Les anciennes entreprises de Tony Accurso, regroupées sous l'enseigne d'Hexagone, peinent à tirer leur épingle du grand jeu de la construction. Ses difficultés financières forcent Hexagone à chercher de nouveaux investisseurs et même à examiner sa vente, en tout ou en partie, y compris à des intérêts étrangers.

En entrevue à La Presse, le président du conseil d'administration d'Hexagone, Mario Bertrand, n'a pas caché que les cinq entreprises formant Hexagone (Louisbourg SBC, Gastier, Ciments Lavallée, Géodex et Houle H2O) vivent «sous une cloche de verre».

«Hexagone, c'est une entreprise fragile comme l'industrie de la construction en général. Nous sommes donc dans un processus afin de revoir les alternatives stratégiques. Ça n'exclut pas une vente d'actifs ou une recapitalisation», a affirmé M. Bertrand.

Selon ce dernier, la réflexion s'est rapidement imposée quelques mois après la création d'Hexagone, car il y avait «un déséquilibre» financier auquel ont fait face les membres indépendants du conseil d'administration, une fois la transaction rendue publique. C'est au printemps 2013 que l'entrepreneur Tony Accurso avait vendu ce qui constituait le coeur de son empire car, comme dirigeant, il ne répondait pas aux exigences de la Loi sur l'intégrité en matière de contrats publics.

Sous-capitalisation

«L'exercice de trouver de l'argent a commencé en septembre 2013 parce que Hexagone souffre d'une grande sous-capitalisation. [...] Nous avons 75 fois plus de dettes à court terme que d'équité», a expliqué Mario Bertrand. La situation s'explique par le fait qu'à l'origine, les six actionnaires ont injecté ensemble seulement 1 million de dollars pour mettre la main sur la moitié de l'empire commercial de Tony Accurso, équivalant à quelque 150 millions.

Dans l'immédiat, Hexagone a obtenu que la société de capital de risque spécialisée dans la construction, Third Eye Capital, reconduise son financement pour une autre année.
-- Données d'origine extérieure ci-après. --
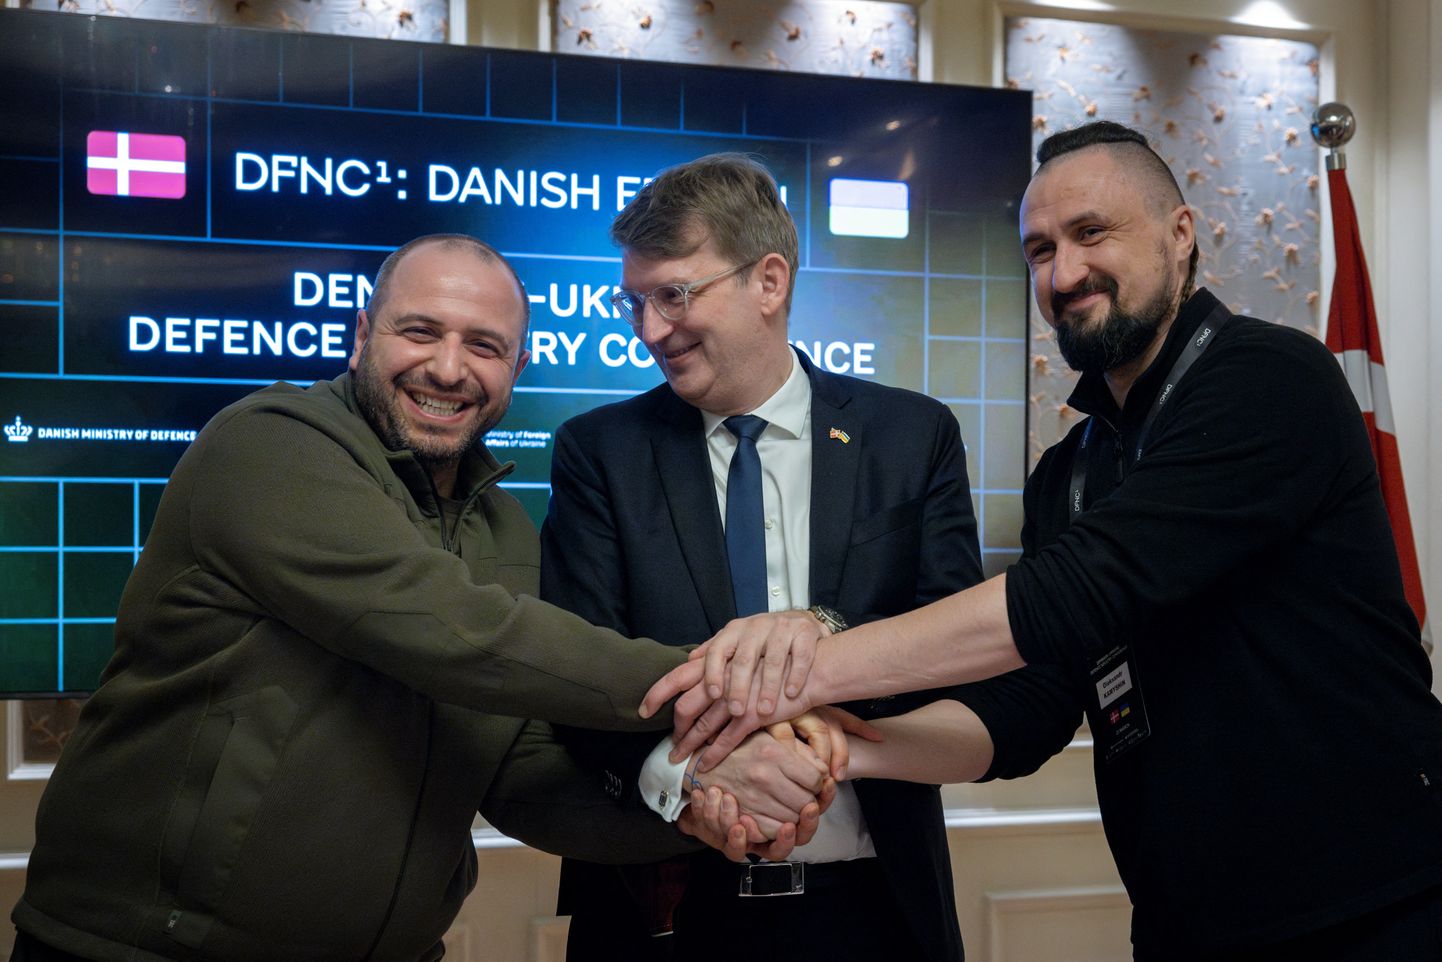 Taani kaitseminister Troels Lund Poulsen (keskel), Ukraina kaitseminister Rustem Umerov (vasakul) ja Ukraina strateegiliste tööstuste minister Oleksandr Kamõšin Taani-Ukraina kaitsekoostöö konverentsil 23. märtsil Kiievis.

Mais comme l'indique M. Bertrand, cela n'est pas suffisant pour assurer la pérennité de l'entreprise. «Une recapitalisation de 30 millions est nécessaire», a-t-il indiqué.

Quant à la possibilité de vendre Hexagone, le président du conseil d'administration reconnaît que le processus est enclenché. Des firmes étrangères ont entrepris des démarches qualifiées de sérieuses, bien qu'il n'y ait pas d'offres formelles pour l'instant. «Il y a toutefois des revues diligentes qui sont en cours pour certains actifs», a confirmé M. Bertrand.

L'entreprise Draganos est sur les rangs, tout comme la française Fayolle et la canadienne Aecon. Chacune d'elles a des visées sur un ou des éléments d'Hexagone. La société française Vinci s'est pointée plus tardivement mais voudrait avaler l'ensemble du groupe, a indiqué Mario Bertrand.

Maintien des emplois

Aucune entreprise québécoise ne s'est pointée jusqu'à maintenant. Mario Bertrand n'est guère surpris. Selon lui, la situation s'explique entre autres par un ralentissement général dans l'industrie. Il ajoute que les soumissions sont souvent au prix coûtant, et le gouvernement ne paie pas rapidement ses fournisseurs.

Au moment de mettre en vente certaines de ses entreprises qui allaient devenir Hexagone, Tony Accurso avait, dans un geste rarissime, pris la parole publiquement. Il avait mentionné à La Presse qu'il allait «tout faire pour que ça reste au Québec».

Ainsi, comme le révélait La Presse plus tôt cette semaine, M. Accurso a soutenu discrètement Joël Gauthier pour qu'il achète ses actions dans Hexagone. Cela s'est fait par l'entremise de l'une de ses entreprises. Une copie du chèque de 166 667 $ encaissé par M. Gauthier l'atteste.

Ce document a été transmis de façon anonyme à Hexagone, en juin dernier. Hexagone l'a remis à l'Autorité des marchés financiers (AMF). Ni les administrateurs ni les actionnaires n'étaient au courant du lien d'affaires entre MM. Gauthier et Accurso, selon ce qu'affirme Mario Bertrand. Cet élément a d'ailleurs permis à Hexagone de voir son accréditation maintenue pour continuer à brasser des affaires avec les organismes publics et le monde municipal.

Mario Bertrand a indiqué que la vente d'Hexagone ne signifierait pas pour autant le départ vers l'étranger. «C'est hors de question. Notre préoccupation, c'est le maintien des jobs ici. [...] Les employés constituent la force d'Hexagone, de même que son parc d'équipements», a-t-il précisé.

Hexagone pourrait être fixée sur son avenir à la fin de l'été.